Statistical analysis

SPSS 19.0 statistical software (IBM Corp., Armonk, NY, USA) was used for data analysis[31]. Numerical variables are expressed as the mean ± standard deviation. Qualitative variables are described by absolute values of cases in different groups. Statistical significance between the quantitative variables was assessed by X2 tests, corrected by Yates or Fisher if necessary. Student’s t-tests were performed to evaluate data that followed a normal distribution. P < 0.05 was considered statistically significant differences.
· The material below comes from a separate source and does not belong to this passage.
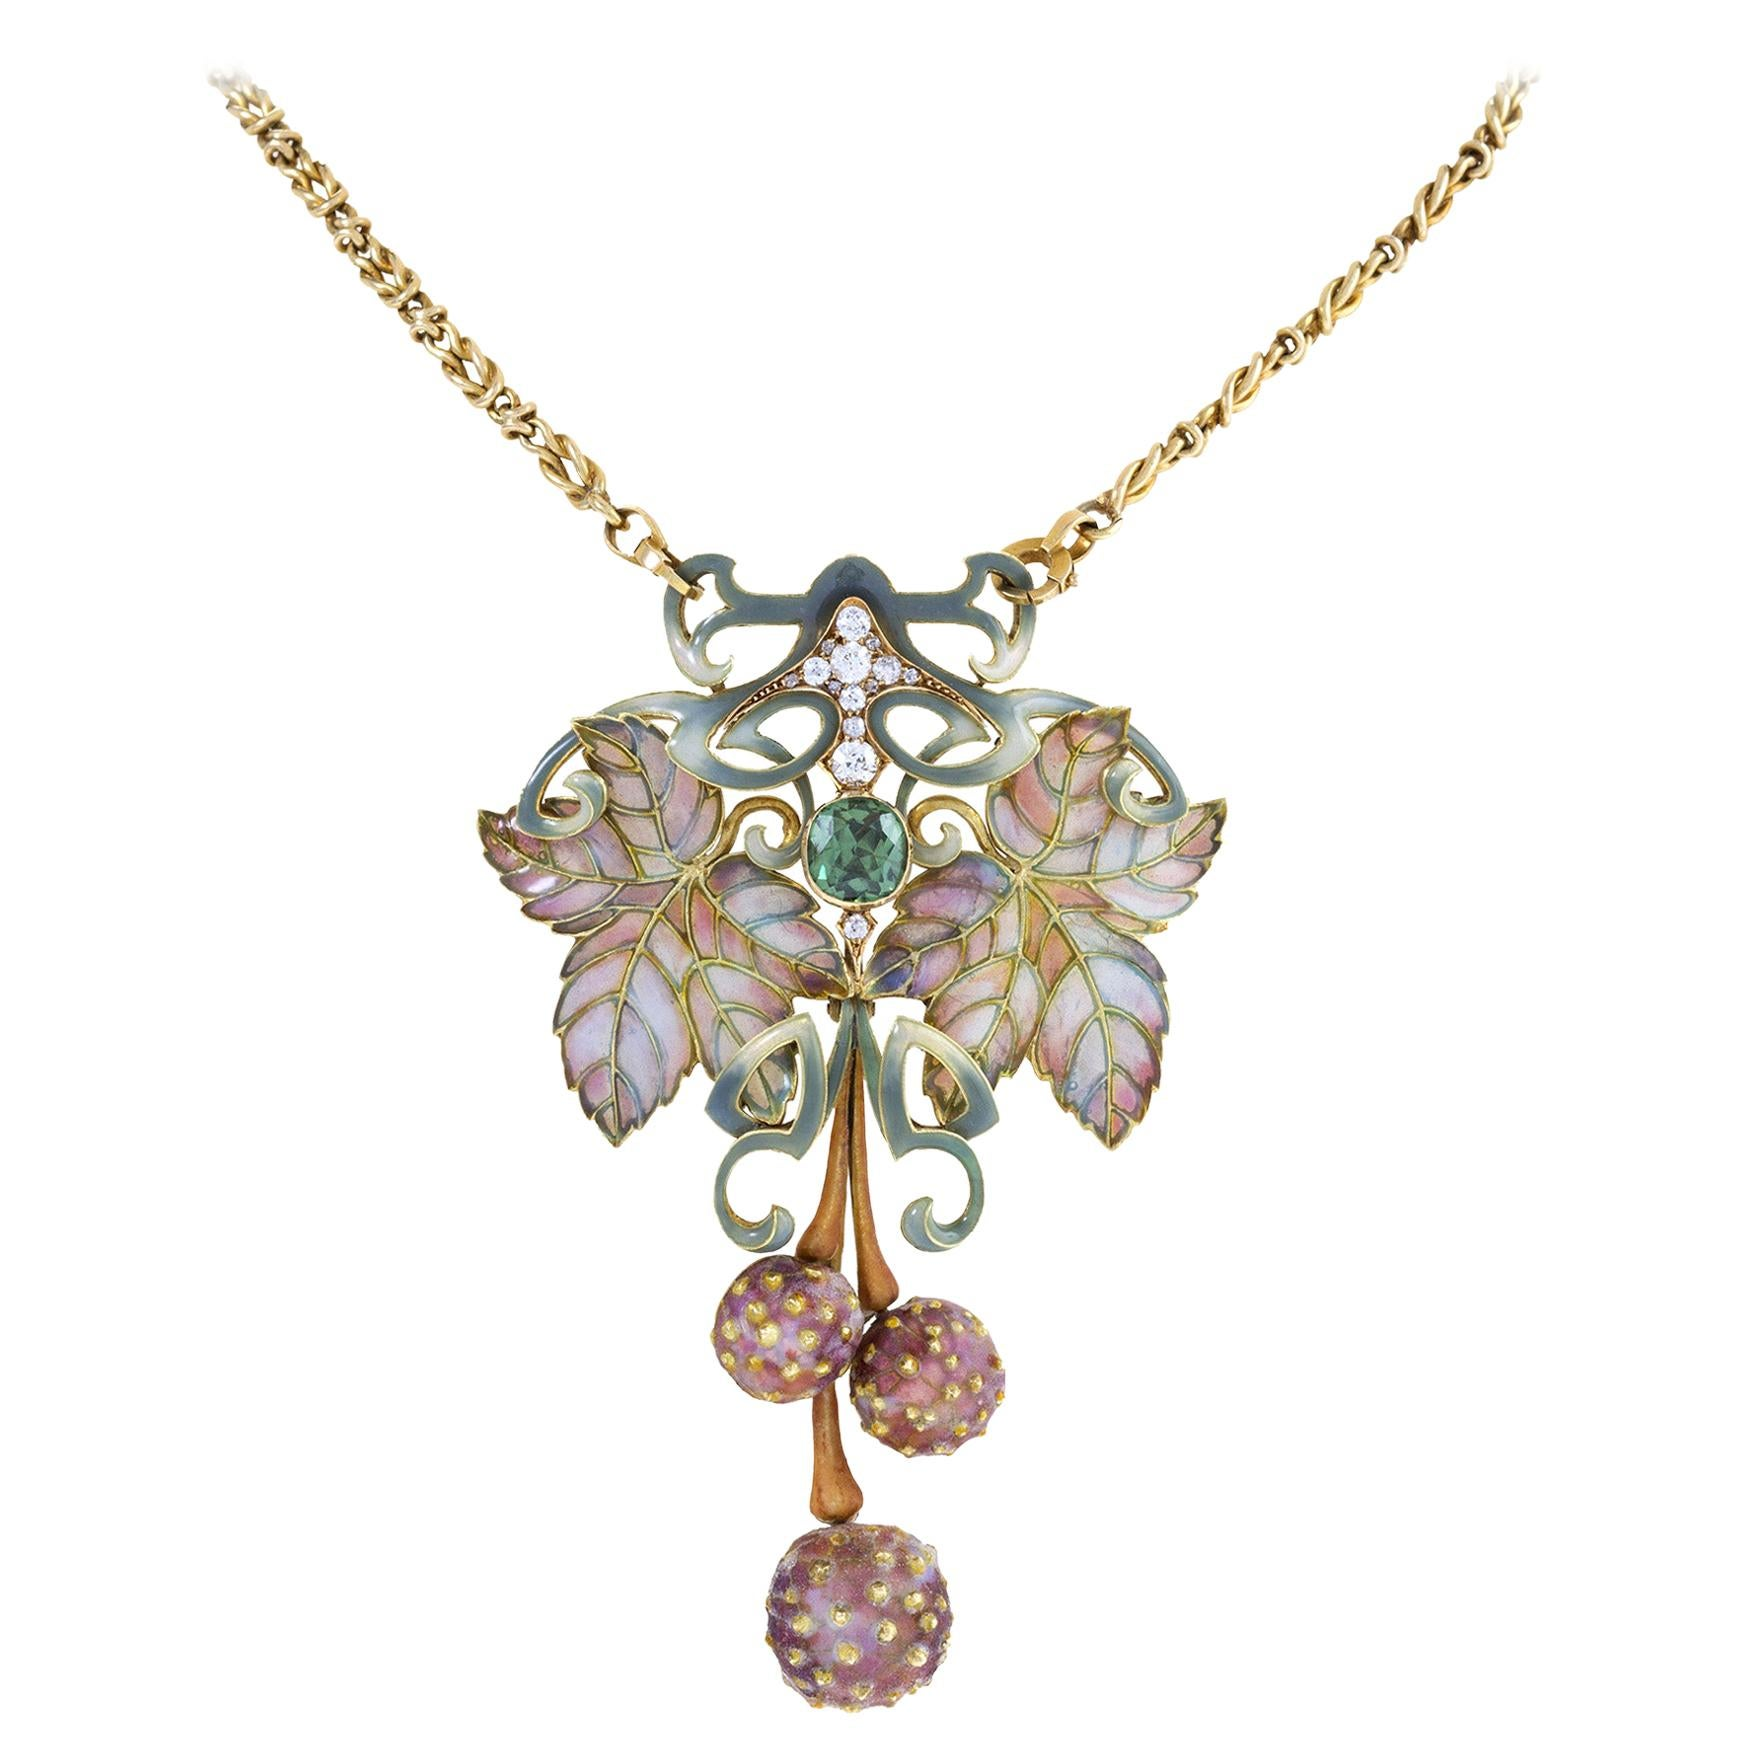 Philippe Wolfers Plique-à-Jour Enamel and Gem-Set Pendant Necklace
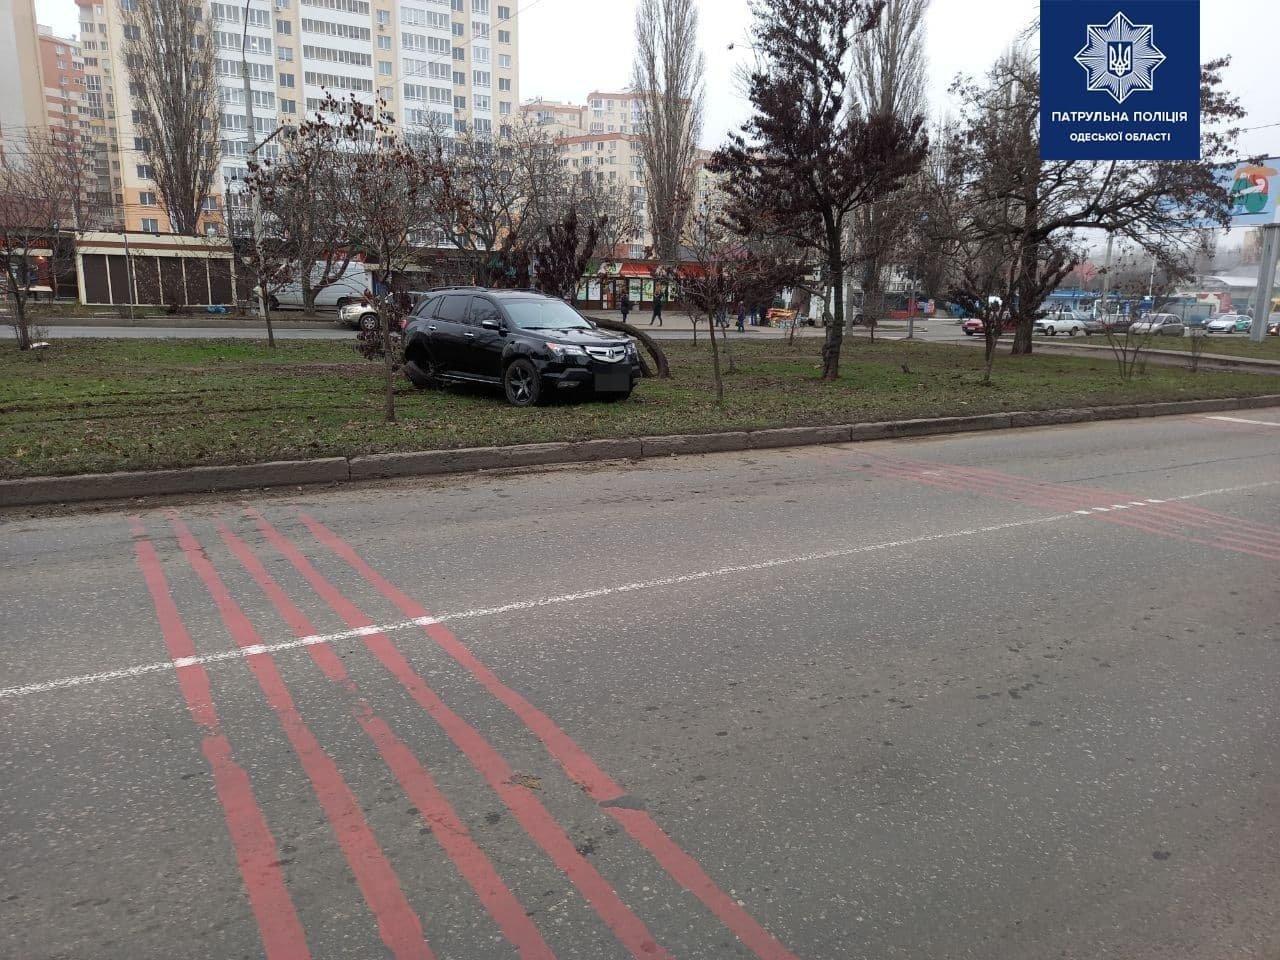 ДТП на Таирова в Одессе: после столкновения один из автомоб..., фото-33

Two-sample t-tests corrected for subject age, gender and total intracranial volume were used for VBM-MRI comparisons between groups[7]. Significant differences between groups were indicated when P < 0.001 (false discovery rate corrected). Only sets with more than 50 voxels were considered statistically significant brain regions. The t-test results are superimposed on the template of the T1 structural image, and the results are presented by the xjView software (version 9.6, https://www.alivelearn.net/xjView).

Ethics approval

The present study was approved by the Medical Ethics Committee of Peking University People’s Hospital. All methods were carried out in accordance with relevant guidelines and regulations.

Consent to participate

All patients provided written informed consent to participate.

Consent for publication

The study participants provided their consent for the publication of any data/associated images.